To evaluate changes and evolution compared to baseline, a repeated analysis of variance (ANOVA) analysis and linear mixed-model were performed to assess the evolution of MADRS scores through time. The influence of each variable on MADRS scores was also tested by adding them to the mixed model.
Finally, a Kaplan–Meyer survival analysis was used to describe the time to achieve a > 50% reduction of the MADRS initial score (or full response), and the time to achieve < 12 points in the score (or remission).
All statistical analyses were performed using the STATA 15 version (StataCorp LLC).
Sixteen patients were included in the study, 9 of whom were females (56.3%) and 7 males. The patients had an age range of 27 to 71 years old, with a mean of 53.13 and a standard deviation of 10.31. Table 1 displays the primary demographic and clinical characteristics, comorbidities, and treatment.
The mean time from the first diagnosis of depression was 20.81 years (standard deviation [SD] = 11.41). Ac-cording to MSM scores, no patient had mild TRD, while 50% had moderate TRD, and 50% had severe TRD, with a mean score of 11 (SD = 1.86) indicating severe treatment-resistant depression.
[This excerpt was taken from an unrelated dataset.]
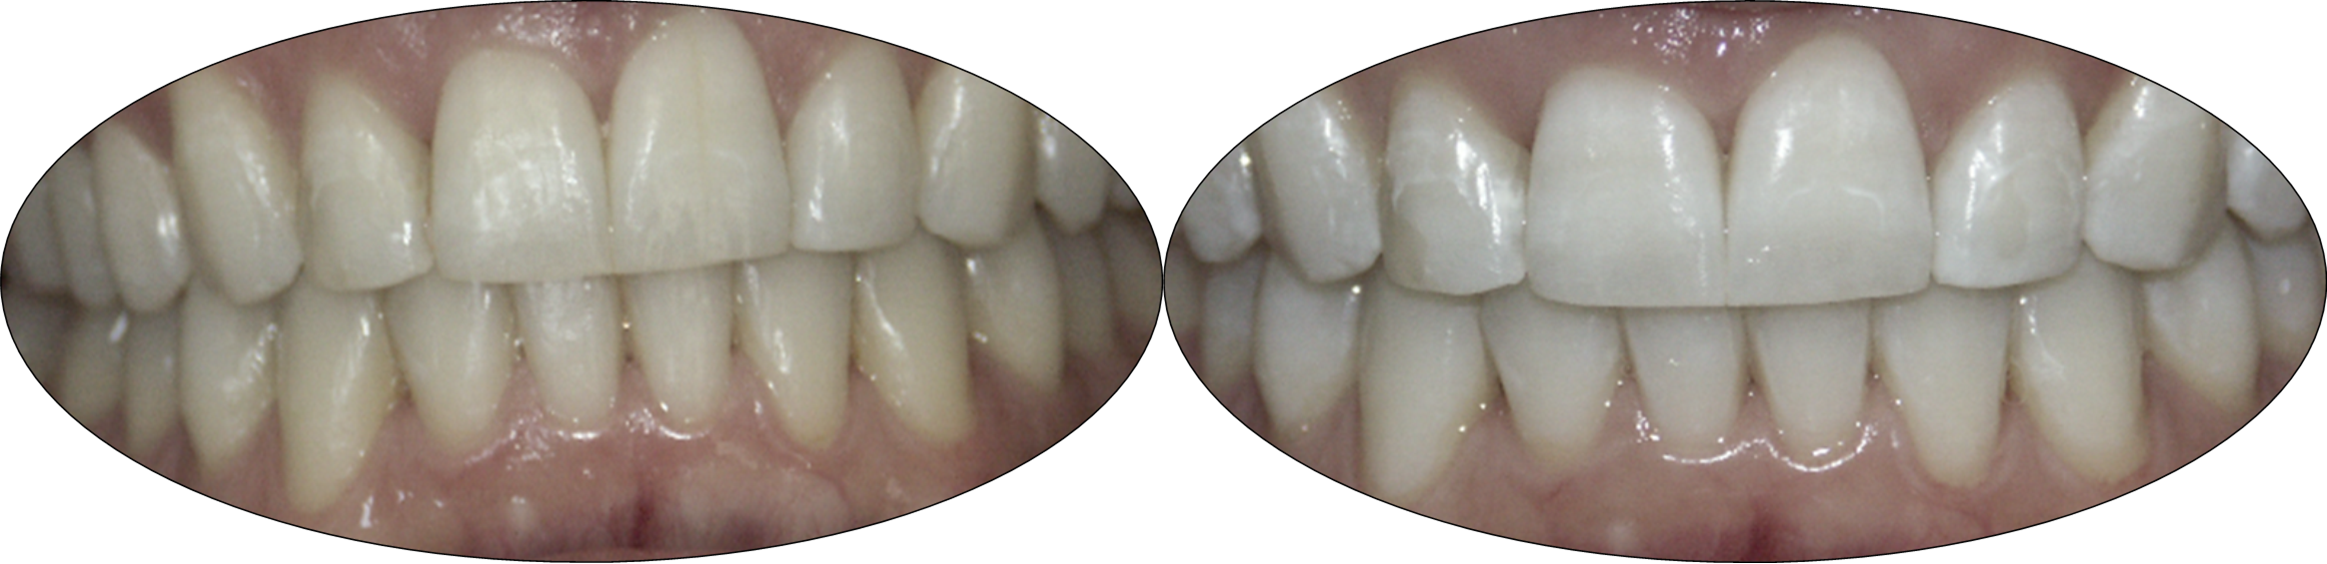 Before and after images of Zoom teeth whitening patient

Regarding treatment with intranasal esketamine, 84 mg (81.25%) was the most frequently used dose, and the transition from the 56 mg to 84 mg dose occurred between the first and second week in all patients.
Pooled reported adverse events are shown in Table 2, and all but one adverse event were mild and did not require treatment.
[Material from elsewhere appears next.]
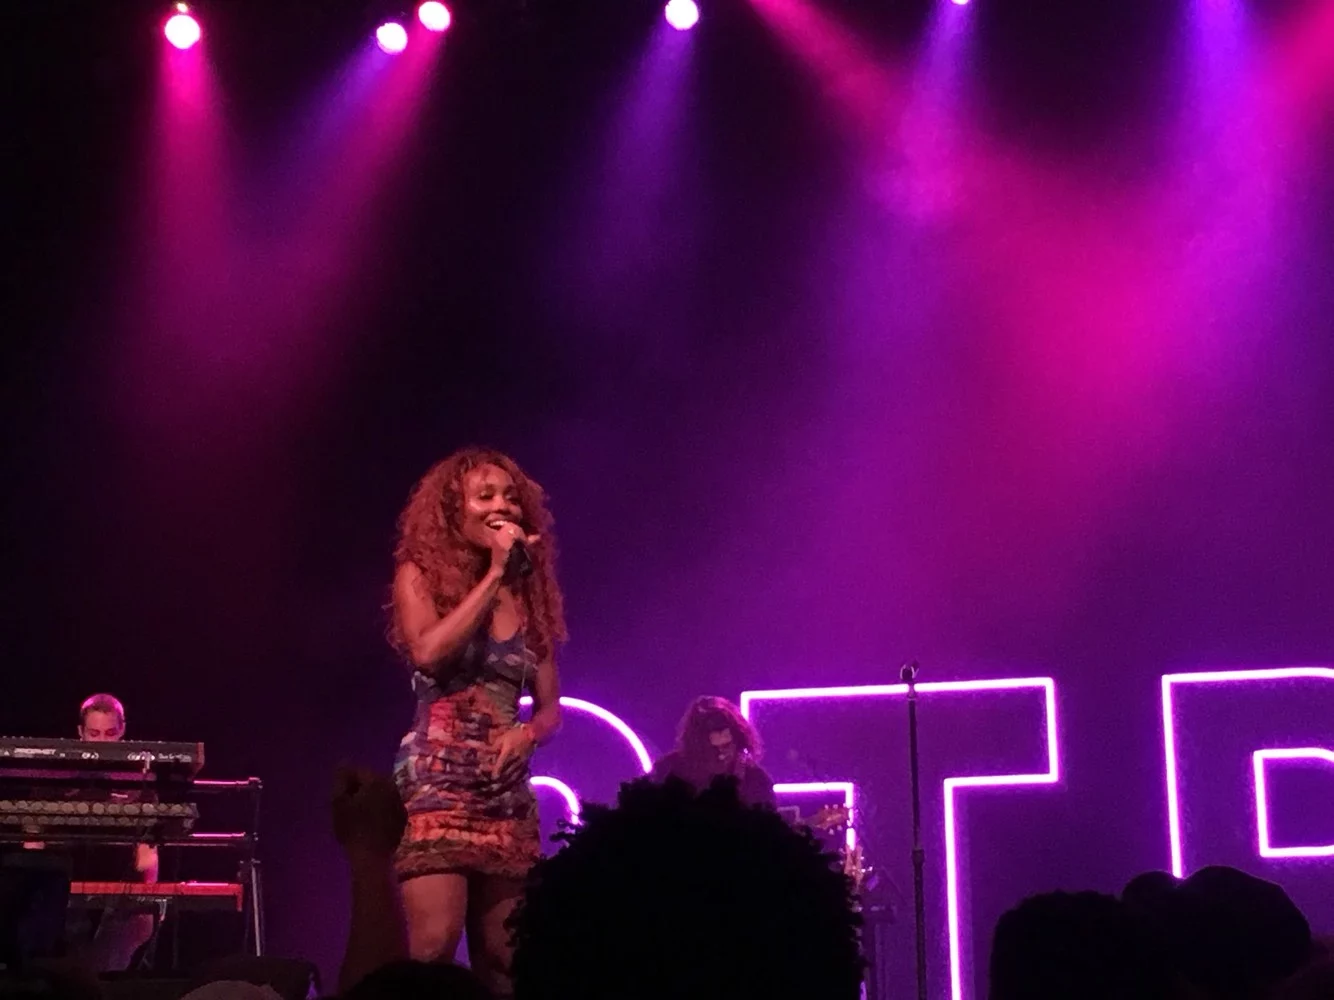 SZA shines at The Warfield Theatre

Included patients had a baseline mean MADRS score of 36.69 (SD = 4.44), indicating severe depression. The mean score of MADRS was 26.67 (‘moderate depression’) at T1 (in the first 48 hours after the first administration) and 19.07 (‘mild depression’) at T6 (one month after treatment), reaching a mean of 16 at the end of the follow-up. These results were statistically significant (p < 0.00001). The pooled means evolution through time is shown in Figure 1, where the MADRS level consistently fell until T3, remaining stable through time after that moment.
A linear regression analysis was performed to assess the effect of time on the evolution of the MADRS score, indicating a significant global p value using the Wald test of p < 0.001 (Table 3). A random-effects model was used to evaluate the association between MADRS score and demographic and clinical variables, and no significant association was found. Furthermore, data for patients who had received ECT was compared to those who had not, and no significant differences were found between the two groups.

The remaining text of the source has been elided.